No voice for children in county budget

We voted for a county government that told us that we could cap taxes without suffering. However, because of the tax cap and poor funding choices, 26,171 children live in poverty in our community (ACT Rochester, 2015). These children would completely fill Frontier Field two times. They are suffering.

Yet every year for the past five years, the county has paid nearly $5 million for homeless services with little difference in our homeless rates (Monroe County Housing/Homeless Services report, 2016).

I invite you to drill down and discover how this $5 million is spent. A proposed additional $100,000 would provide child care for only 10 of the 2,600 homeless families in Monroe County.

By itself, providing a bed in a shelter will not bring down the number of homeless families in our community. Without access to quality housing and child care, parents cannot work; without a job, parents cannot pay rent. It is no mystery how we are keeping families homeless. The real question is why are we keeping families homeless?

If we continue to do the same thing, we will continue to have the same result.

Urge our elected leaders to make different choices about funding child care subsidies and housing subsidies — choices to get families into housing and parents back to work and contributing to the tax base.
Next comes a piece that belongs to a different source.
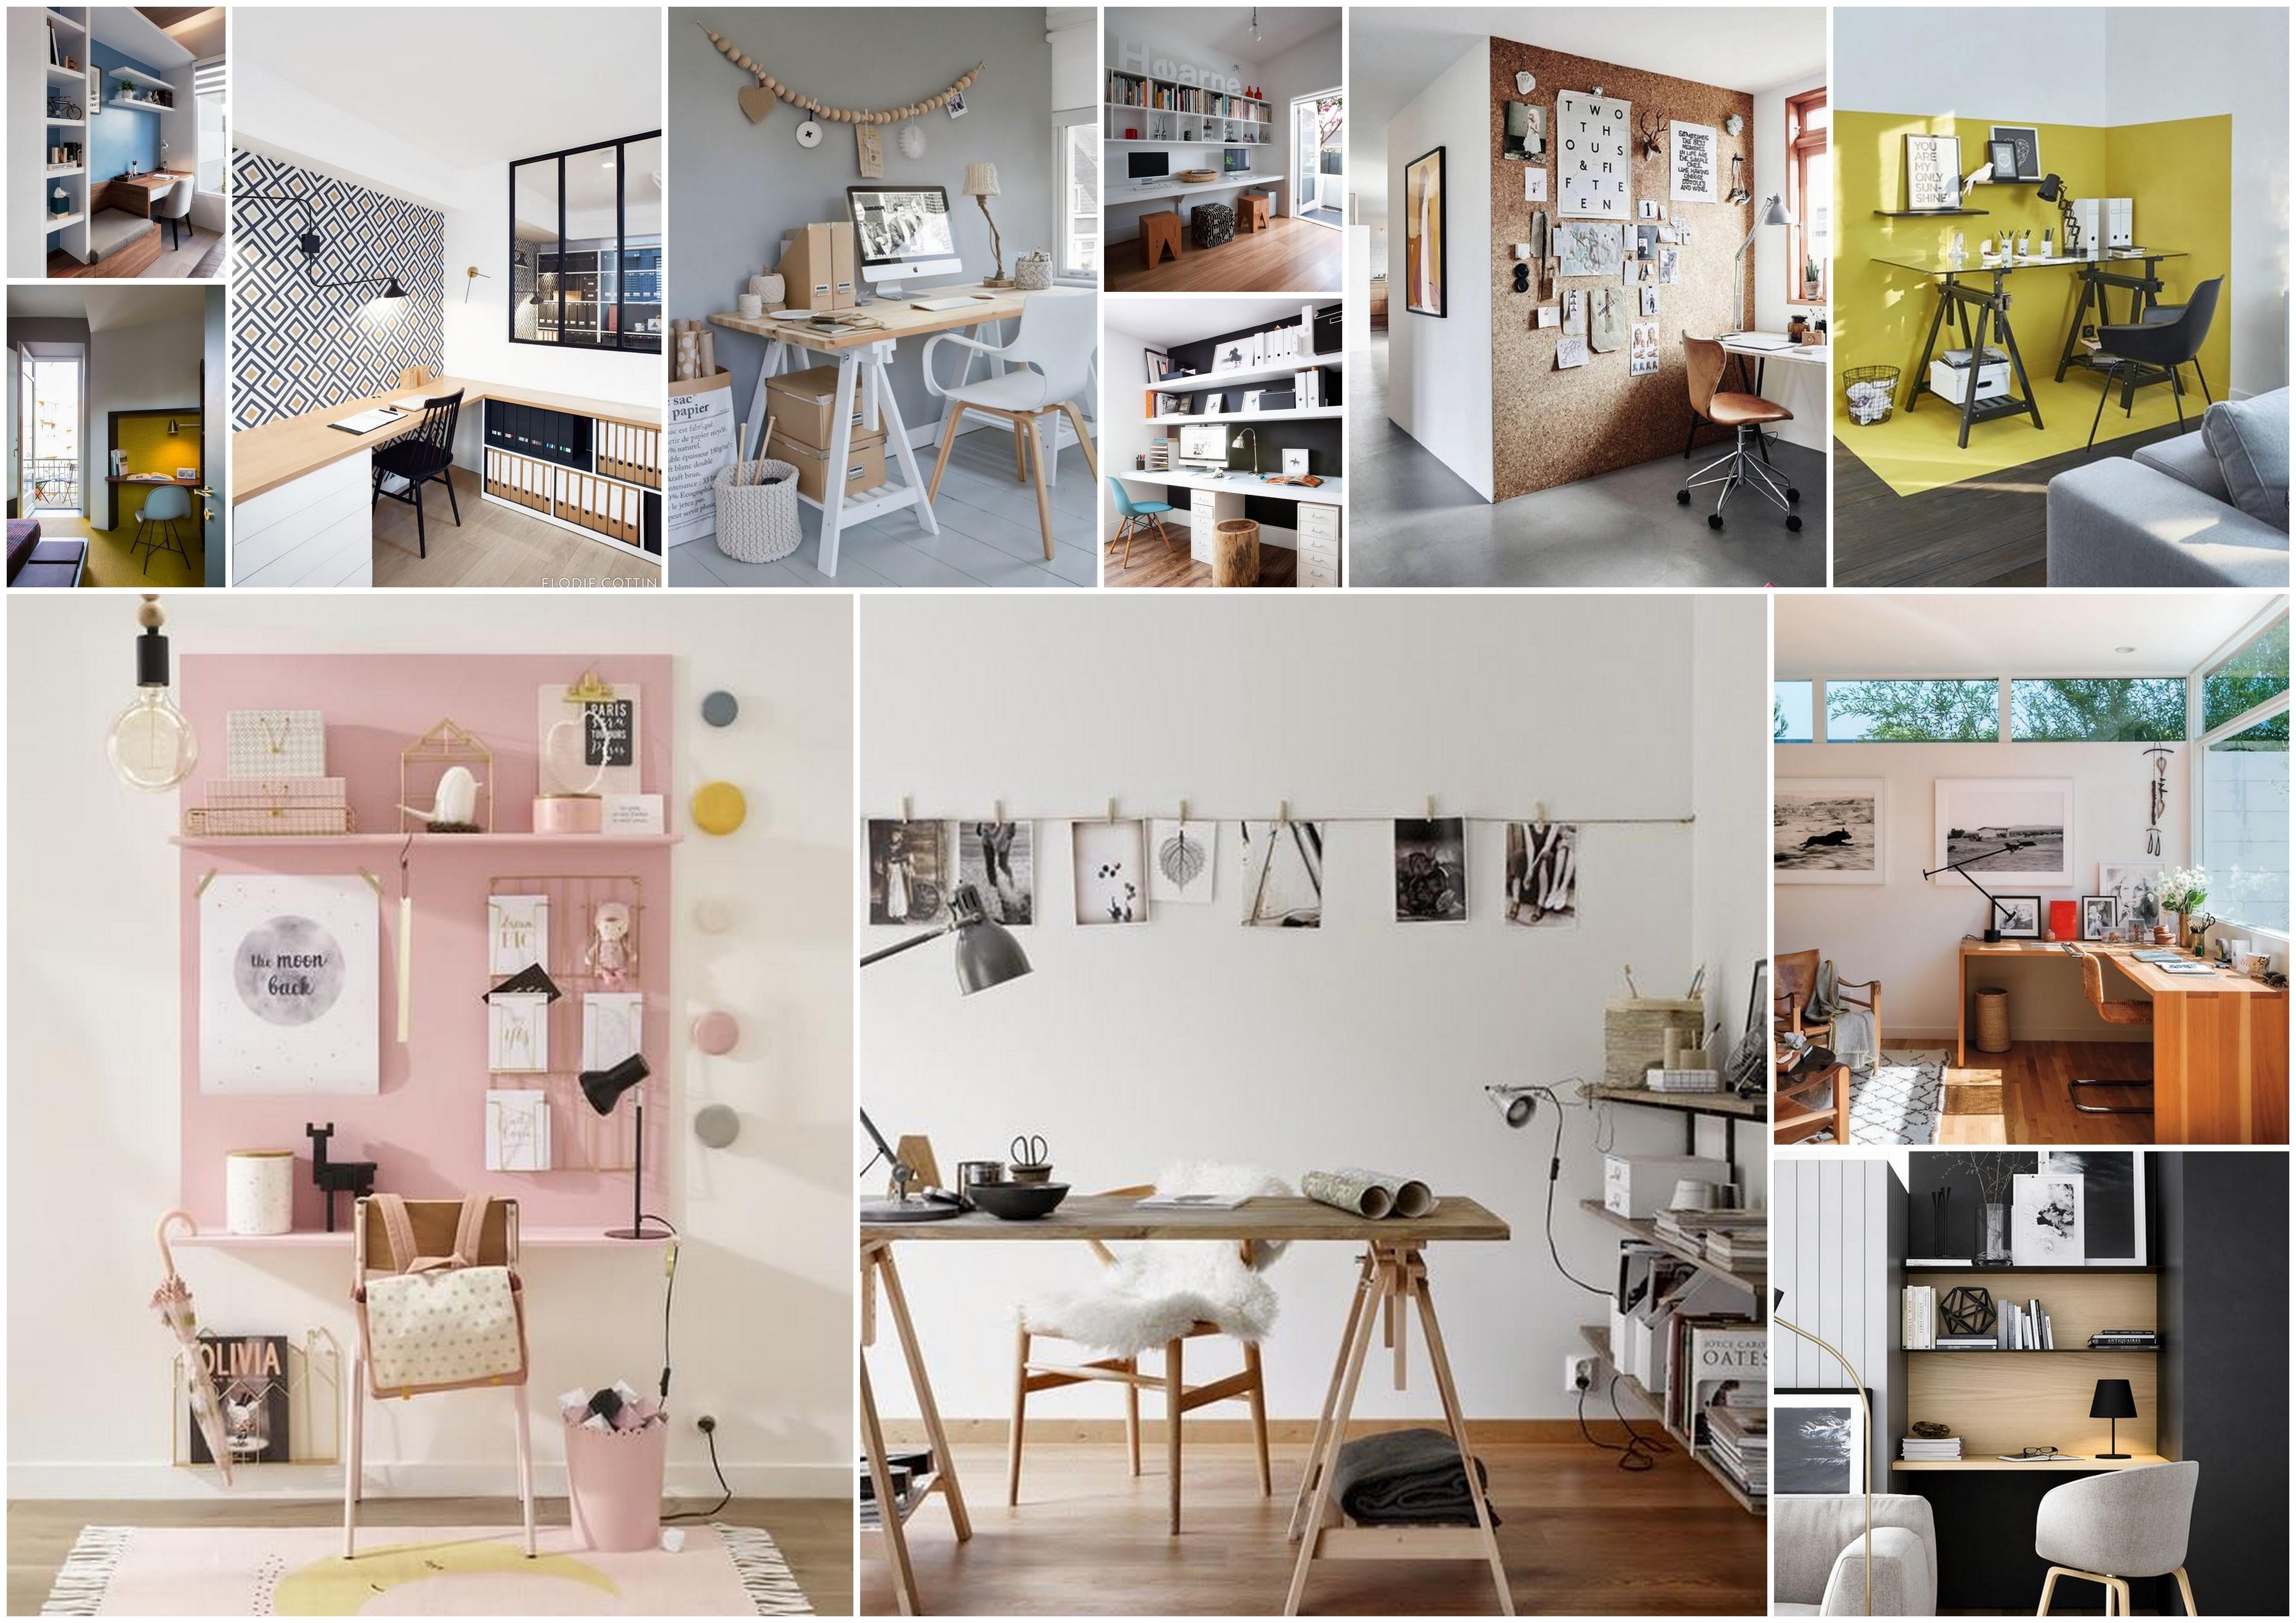 log-SOLLYS-deco-decoratrice-dintérieur-gironde-33-Bureau

Urge your county legislator to pass a budget that prioritizes lifting children out of poverty.

ELIZABETH LAIDLAW

Children not counted

At the end of January, Monroe County conducted its federally mandated Point in Time count. Shelter providers, street outreach workers, and other agencies that provide homeless services counted how many people, sheltered and unsheltered, are homeless in Monroe County.

While multiple factors contribute to the accuracy of this count, there is one missing piece that should be a concern for all of us: the Rochester City School District homeless students and families program's 1,500 plus children.

In 2015, the total number of students enrolled in the program reached more than 2,200 by the end of the school year. Yet a shocking number of these students did not, for the sake of the PIT count, qualify as homeless.

Under the federal McKinney-Vento Act, which appropriates money to state shelters and assistance programs based on county-collected homeless counts, these students absolutely qualify as homeless. The act defines homelessness as an individual, family, or child who lacks a fixed, regular, and adequate nighttime residence.

The official explanation for this error is that the state, and therefore county, does not want to "double count" populations; however in doing so, an entire population of children in critical need is overlooked.

By taking this gross error into consideration, New York State and the City of Rochester can begin to amply treat the homelessness. The PIT count must open its eyes to our children who are most in need of being seen.

RYAN BURTON

Putin's puppet

One of the most appalling ironies of the past presidential election is that the so-called party of small government apparently had no trouble accepting the help of the FBI and the Russian secret service in getting their man installed in the White House.

For the next four years, Vladimir Putin will be the elephant in the room of American democracy.